Ben Liebenberg via AP

When I looked down at my phone on draft day and saw a 443 number, I picked up immediately.

“Hello, is this Hayden?” Ozzie Newsome, the GM of the Baltimore Ravens, asked.

“Uh, yeah,” I said, barely able to contain my excitement.

Then he asked, “So, what are you doing?”

“I’m sitting with my family, watching the draft.”

He responded, “Oh, good… have you eaten today?”

I was like, “Uh, yeah?”

Then he asked, “Oh did you eat a sandwich?”

And at that point, I was like, “Wait, what’s going on right now?”

As it would turn out, Ozzie was trying to buy time with small talk as the Ravens officially submitted the card saying they were going to draft me. No, it wasn’t the most conventional way to get selected, but given my path to that moment, that seemed fitting.

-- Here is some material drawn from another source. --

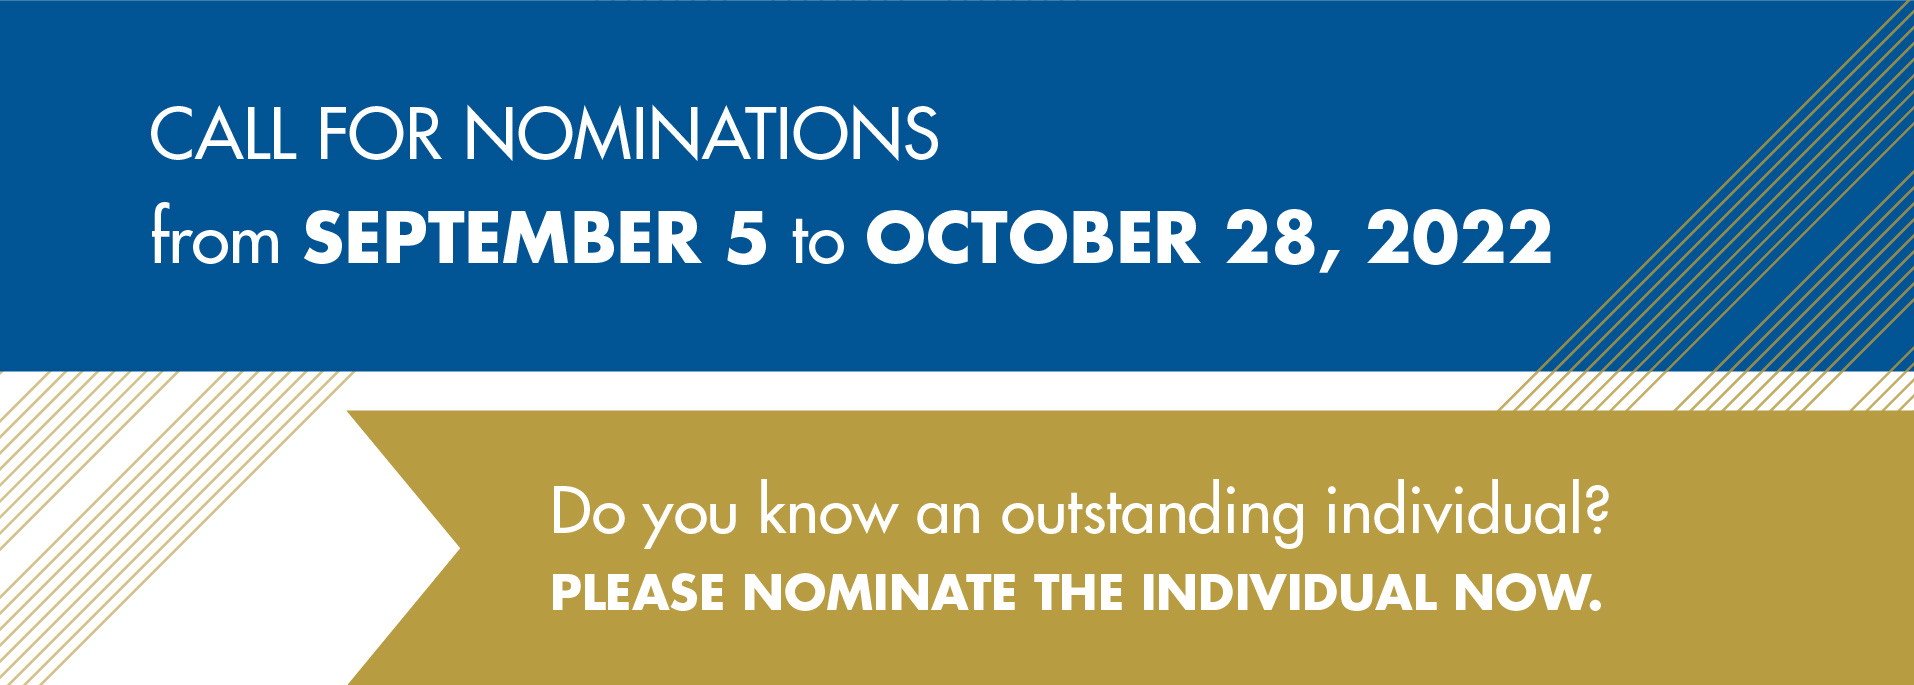 Call for nominations from September 5 to October 28, 2022.

I know that despite everything I’ve been through, the greatest challenges I’m going to face are still ahead of me. I still have a lot of room for growth and potential to fulfill. But throughout this entire process, even at my lowest moments, I always tried to remind myself that everything happens for a reason. I failed at baseball for a reason. I rediscovered football for a reason. I was drafted by Baltimore for a reason.

I want to share my story not to serve as some example of how you can achieve your wildest dreams with hardwork and determination. Honestly, if that was the case, maybe I’d be pitching in the Majors right now. I think the main thing I want taken away from my story is the importance of the things you can control. I wouldn’t be in the NFL today if I hadn’t made a choice that seemed kind of crazy to a lot of people. But the only way to find what you are meant for is to never stop searching for it. Because once you do find it, I promise, the entire journey up to that point will make a lot more sense.

And then, the only question will be: Where do I dream from here?